1 - Introduction: the content and drafting of the general part needs to be reformed, review the syntax of the topic.

Reply

The introduction section has been reformed and the following sequence has been included in the revised manuscript:

• Challenges with the process of ocular drug delivery.
• Nanaotechnology based drug delivery system with focusing on the polymeric particles.
• Antifungal agents with focusing on Fluconazole.

 2- Discussion:

deepen the discussion on the use of new ophthalmic drugs against MDR candida, optionally use these suggested literature items and discuss, expanding the discussion by at least 3 lines:

PMID: 32452982 ; PMID: 34815665 ; PMID: 34829196 

Reply

The discussion section has been modified to include the use of new ophthalmic drugs and the role of nanoparticles in ocular delivery of antifungal agents (3. Results and Discussion, first paragraph).

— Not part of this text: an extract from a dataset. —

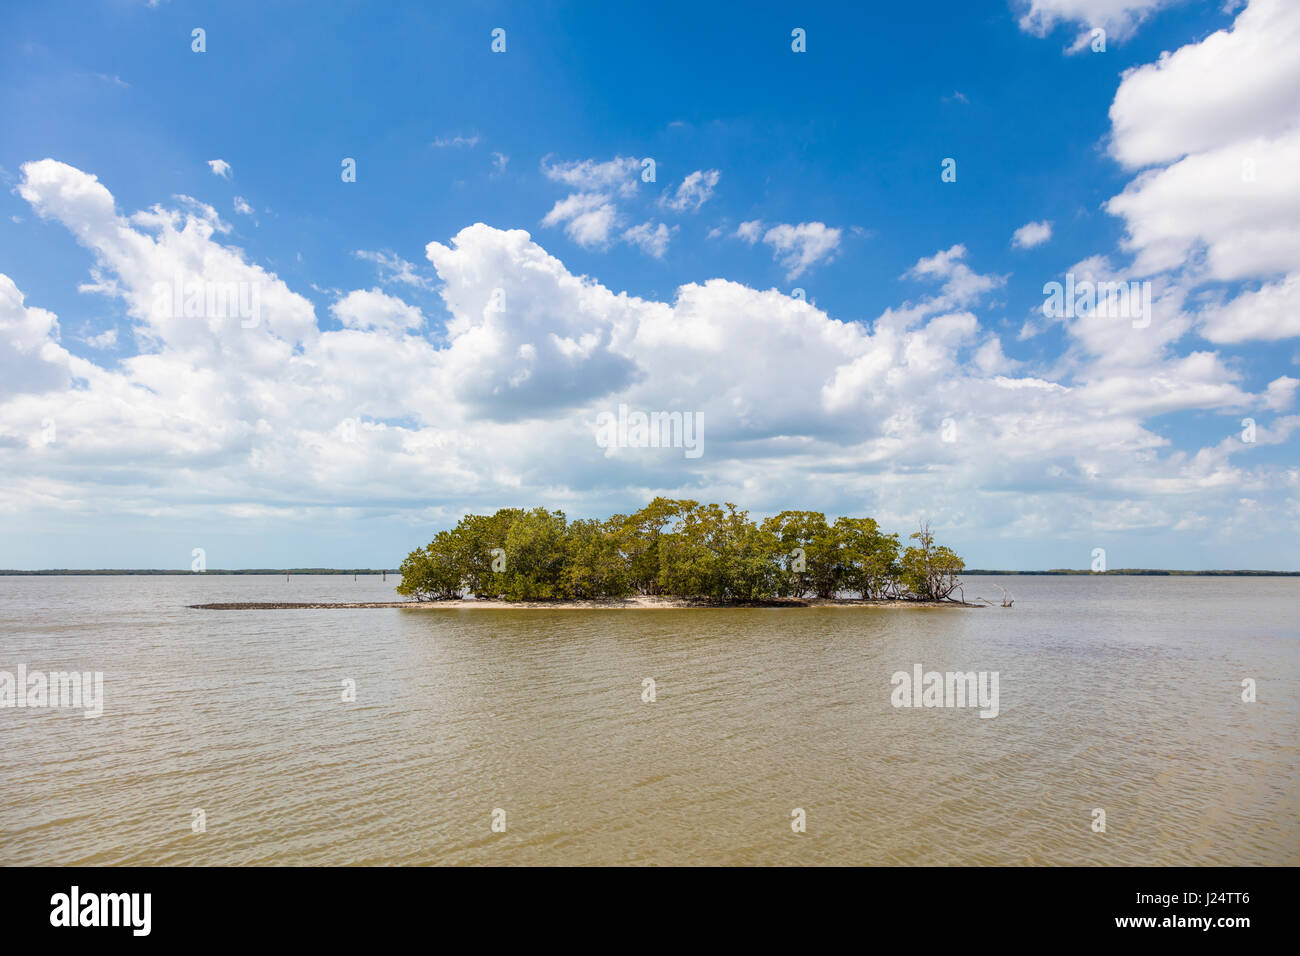 Petite île dans la région des Mille-Îles Parc national des Everglades en Floride Banque D'Images

3 - Check the bibliographic entries throughout the text, some of which are non-compliant.

Reply

All cited references have been checked and update and the non-compliant ones have been removed in particular the results and discussion part (section 3.7.).   

4 - Review English grammar and in particular applied scientific English: in particular verb tenses and syntax in discussion.

Reply

The discussion section has been reviewed for grammar in particular verb tenses.